Газеты! Единственное утешение местных обитателей! Они ходят туда днем и ночью, жалуются на управу, на дам-благотворительниц, на врача, на аптекаря, на полицию, на всех, всех без исключения.

Газеты! Случается, в них появится фото кого-нибудь из местных: если кто получил пятнадцать лет тюрьмы или «грабителя гнали по крышам домов», или «имярек покончил с собой, утопившись в реке».

Анна Марковская действительно умерла. «Оно и лучше для нее, — крестясь, думают пришедшие сюда люди. — Такая худенькая, как из воска… для нее же лучше».

Только мать никак не может поверить, все смотрит то на ведро, то на скрипящую створку окна; она суеверная, ветхозаветная женщина: пока вода неспокойна, дочка еще здесь…

Дамы-благотворительницы тихо молятся. Та, что помоложе, плачет. Свою сумочку она положила на стол сзади.

Маленький Йошка исподлобья поглядывает на Никодима с опухшими глазами. Юные гангстеры встают на цыпочки. И бочком продвигаются к двери. Гогоча, они уносятся с добычей, словно ковбои на резвых скакунах. Несутся, прыгают; вокруг прерия нищеты.

Пожилая дама закрывает окно и опускает ведро на пол. Между делом она замечает на столе сумочку своей спутницы.

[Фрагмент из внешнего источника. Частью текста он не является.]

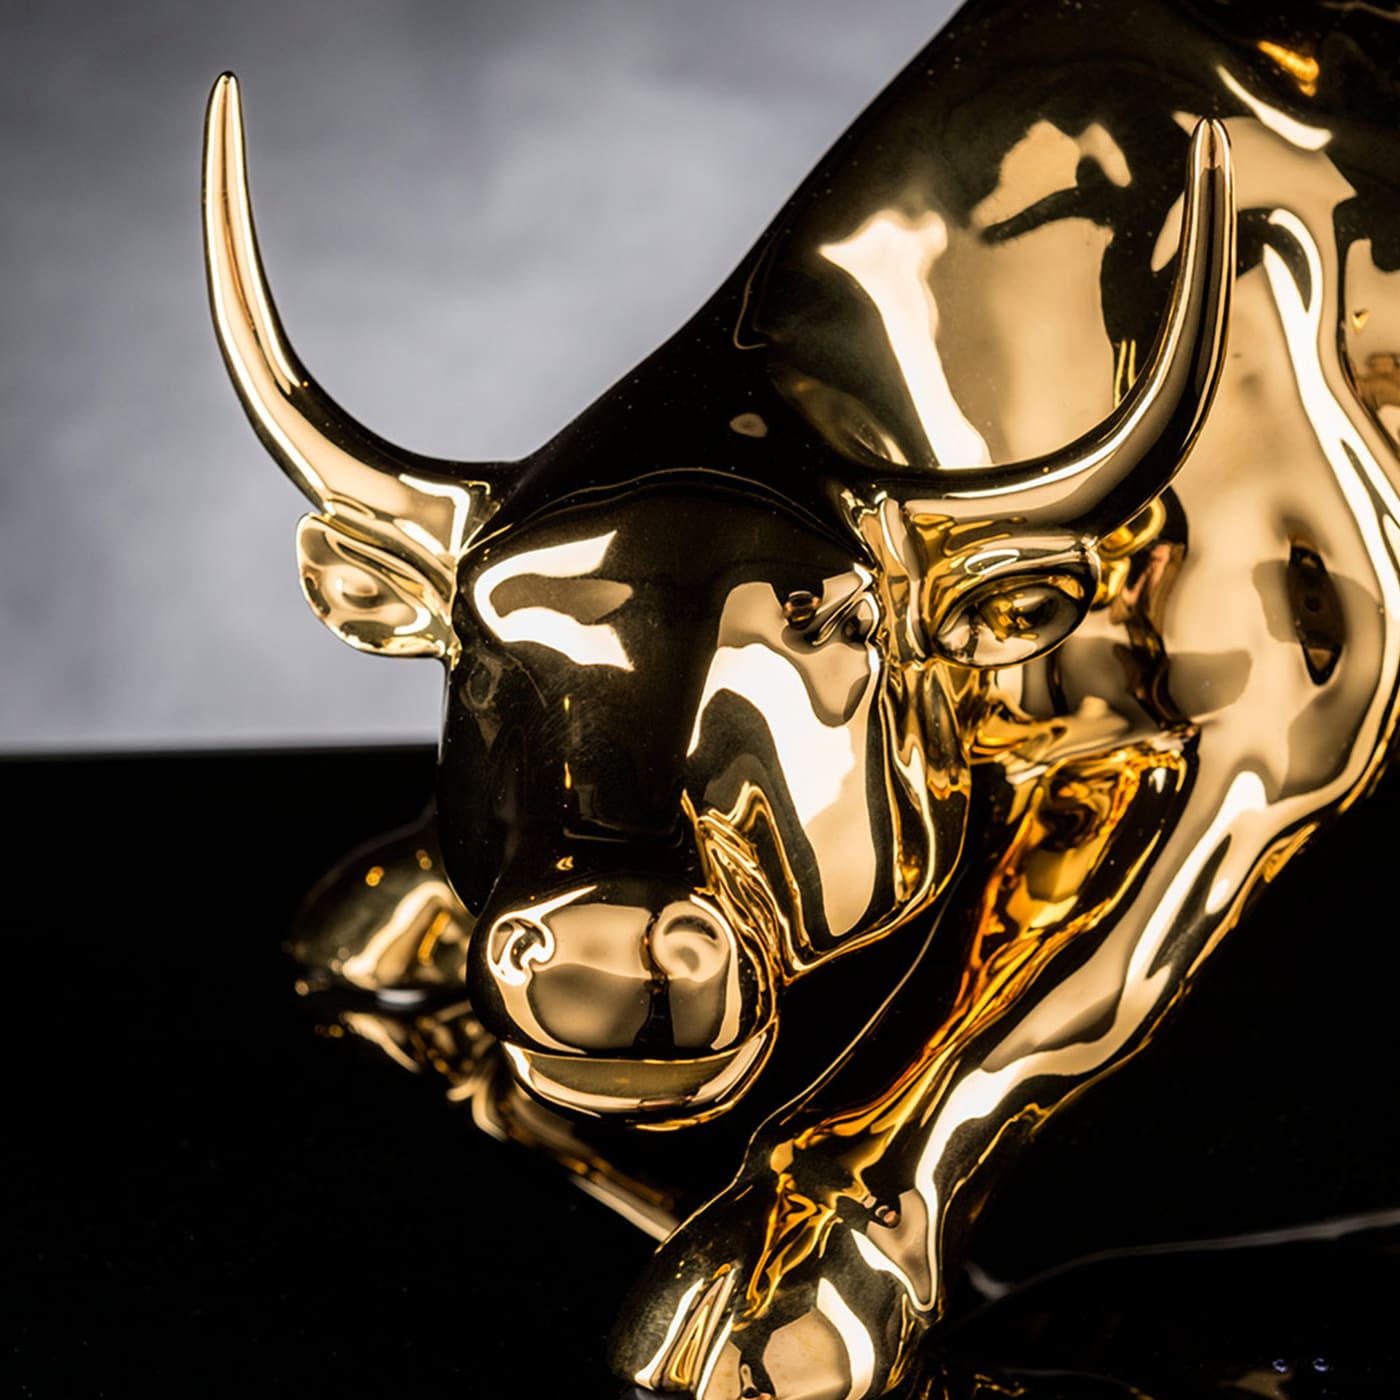 Wall Street Bull Large Golden Sculpture - VGnewtrend

— Осторожнее, Элизабет! — шепчет она. Молодая заглядывает внутрь. Лицо ее выражает недовольство, но она не говорит ни слова. Только пристально осматривает присутствующих: они холодно встречают ее взгляд. Эка невидаль — кража. Нищие мы! Потому и крадем.

Спокойные, уверенные глаза. Бесстрастно смотрят они и на умершую девушку. Сегодня ты, завтра я.

Северо-восточный ветер усиливается. Две дамы, словно ангелы во плоти, покидают поселок. На пути им встречаются иссохшие люди, провожают их босые дети. Вон возвращаются те, кто относил самоубийцу Борбаша. Они сделали подарок полицейскому. А вон спешат две молодые женщины. В руках у них ведро. Ветер сорвал с него бумагу. В ведре кровь, кровь. Видно, поблизости резали свинью, и они выпросили себе крови. Они ее и сварят и пожарят, наедятся до отвала.

Место действия: Центральная Европа. А точнее — большой город, название которого начинается с буквы Б. С буквы Б начинается такое множество слов: Богатство! Бедность! Беда! Бодрость! Блаженство! Безысходность! О любезный читатель, назови все это тем словом, какое тебе по душе.

1935

Перевод А. Смирнова.

В ПОРТУ

Когда «Ботонд» подошел к причалу, все затихло. Толстые умные чайки клевали больную рыбу… понемногу, не спеша… в свое удовольствие. Вечером небо вспыхнуло, побагровело, и на другой день налетел ветер. Мы же… словно осенние листья, шелестели, шуршали, слоняясь среди пустеющих складов… еще месяц — и мы все улетим отсюда.

Останутся только крановщики, — чистить шестерни там, над стальными ветвями кранов. И когда они двинут краны… вперед… назад… захрустит на рельсах мороз и лед, а потом все зальет своим светом Луна.

Кроме крановщиков остается обычно только болгарин Чобанов. Сидит себе где-нибудь, наблюдает зиму, колет чурки, точит пилу, иногда пройдется по замерзшему причалу, не обращая внимания, что крановщики его не жалуют. Это могучий человек… лесной исполин; если встанет рядом, кажется, пустил в землю корни. На якорь стал… врос в землю.